Clarifications requested from audience. Speaker agrees: decoherence does not select a given quantum states, so it does not coincide with the measurement process. It only gives a physical mechanism for understanding the suppression of interference. In particular, it explains why we do not observe superpositions and interference of macroscopic objects. More discussion with the audience about this point.

Set aside, for present purposes, in particular for studying physical problems, the issue of interpretation. The focus here is on the specific physical process corresponding to measurement, and the way it suppresses superposition of quantum states.

General definition of decoherence, as due to entanglement between system and environment, leading to the appearance of classical or quasi-classical description of the same system. Not an interpretation of quantum mechanics, even though it plays an important role in several interpretations of quantum mechanics.

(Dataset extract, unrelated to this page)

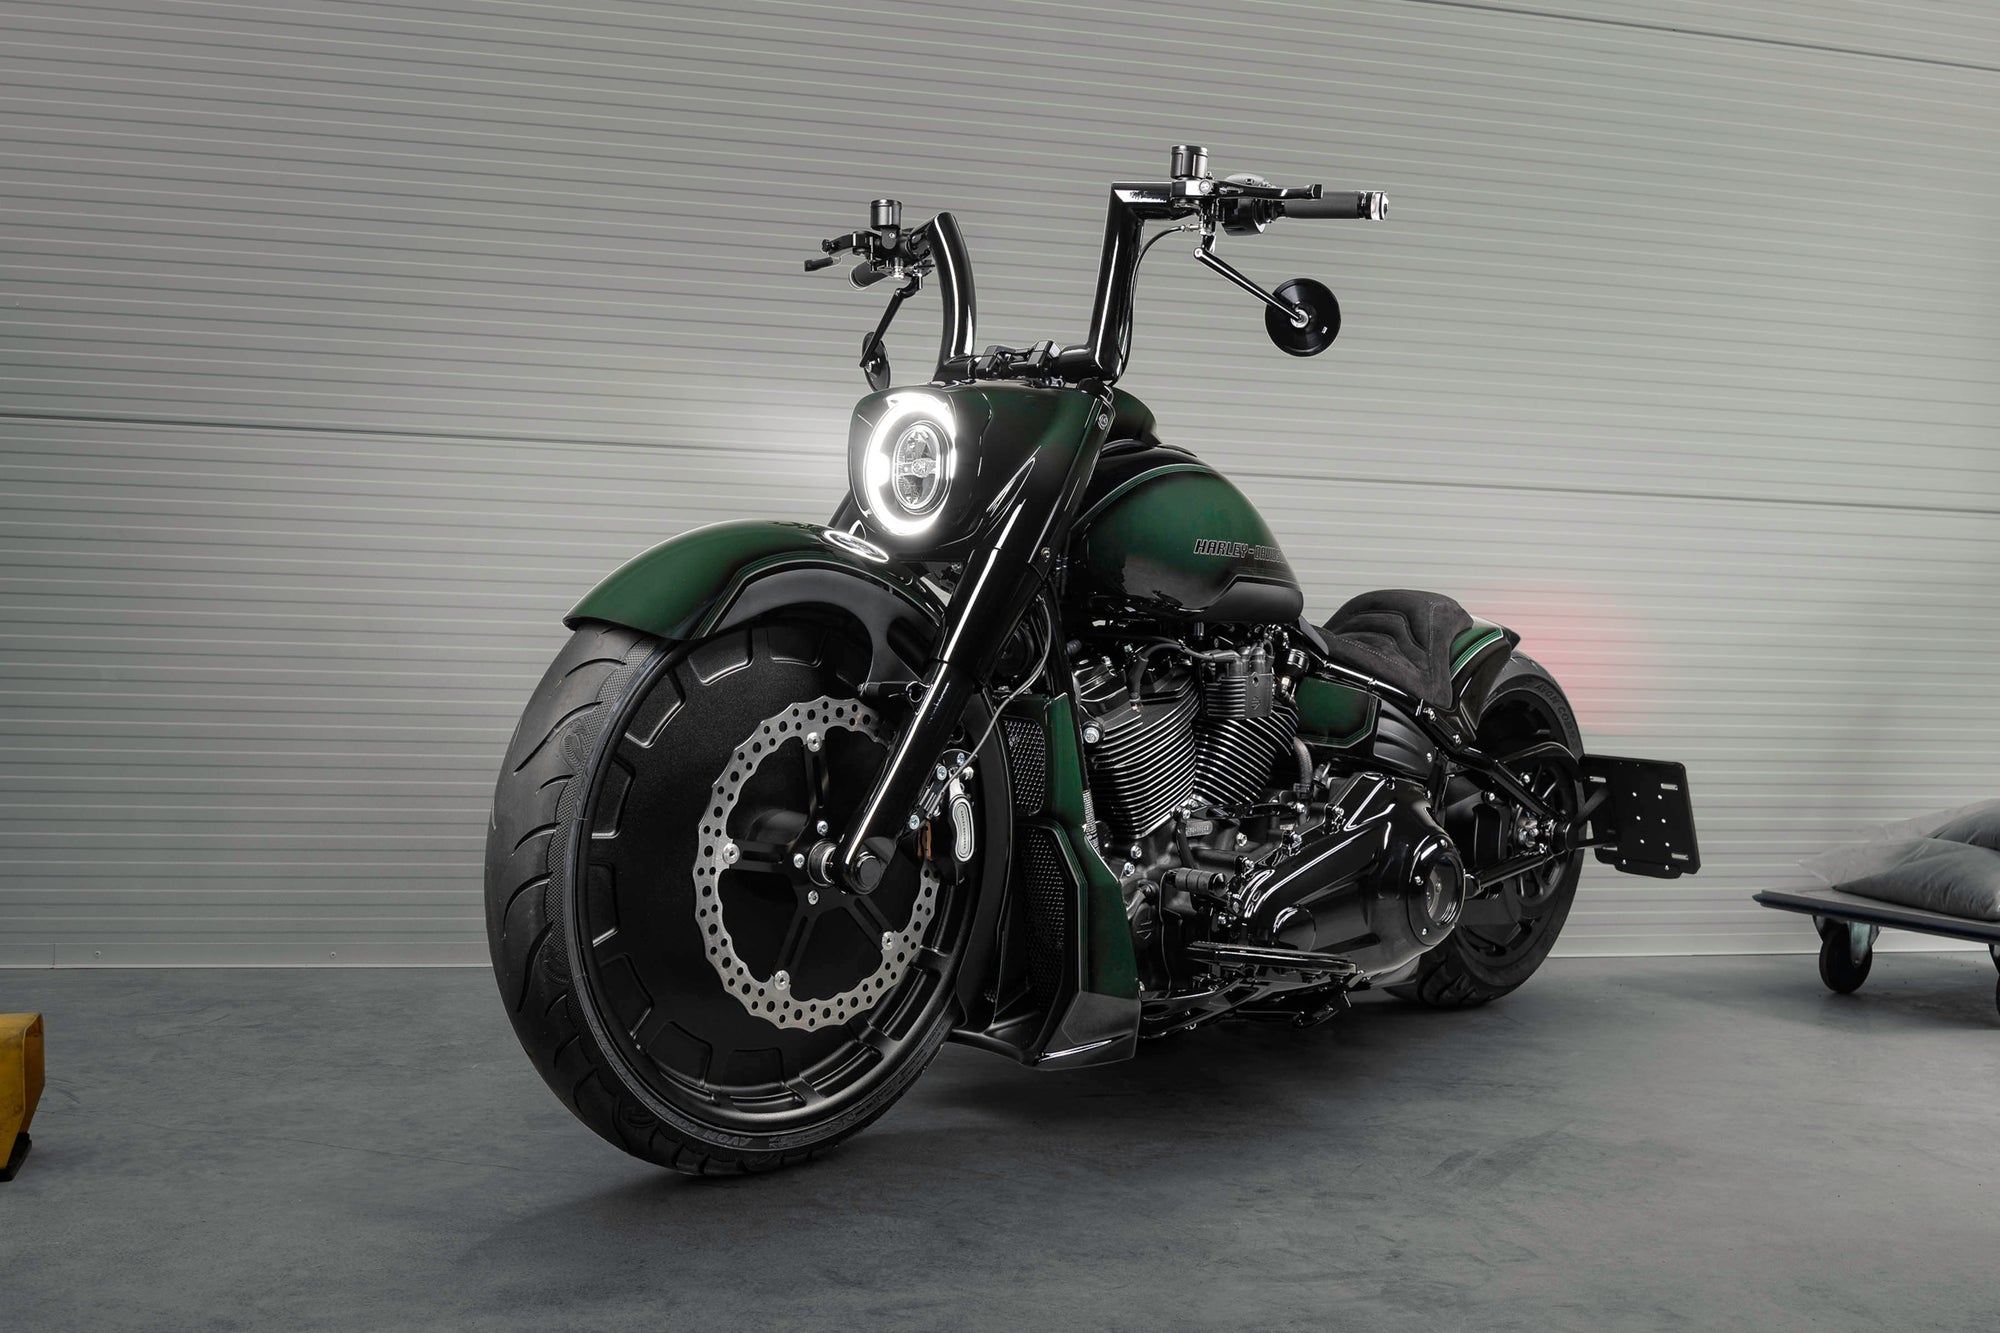 Modified Harley Davidson Fat Boy motorcycle with Killer Custom parts from the side in a spacious and modern garage

It is a physical process.

Stressing the importance of decoherence in quantum mechanics in general, and of the interest in studying it in the context of quantum gravity.

The Role of Decoherence in Quantum Loop Dynamics

CW stresses that locality of spin network structures and captured by connectivity of these networks is very different from locality of relativistic STs.  Something very distinct is going on here…

CONCLUSION: classical space and time seem to disappear in canonical q grav, and they might re-emerge from fundamental non-ST structure. 

Worry here is that states in superpositions generally don’t have connectivity [and perhaps have different cardinality].  Not obvious what the dimensionality of these fundamental structures must be, then.

Another issue involves locality structure arising from emergent ST described via LQG approach.  I.e., how local or topological structures like relativistic STs emerge from spin networks.  This will be key for q cosmological investigations…

Moving on to the problem of ST in LQG: Hamiltonian formulation of GR in an attempt to apply canonical quantization; belief is that resultant Hilbert basis is spin network basis, and these spin networks provide the fundamental 3-d spatial structure [and these networks can be considered eigenstates of geometrically-interpreted operators]

Thus: space comes out as superposition of spin network eigenstates — i.e., no well-defined geometric properties

Nota bene: the sort of indeterm at issue here has to do specifically with the indeterm arising from requirement of diffeomorphism invariance

Question: when you have vel-dep coord transformations, you should work with a phasespace across time.  This would not be implement-able in a reduced phasespace of the sort proposed by Maudlin.  CW responds: neither Maudlin nor I claim this will lead to solution to the problem, but may alter the way we view it..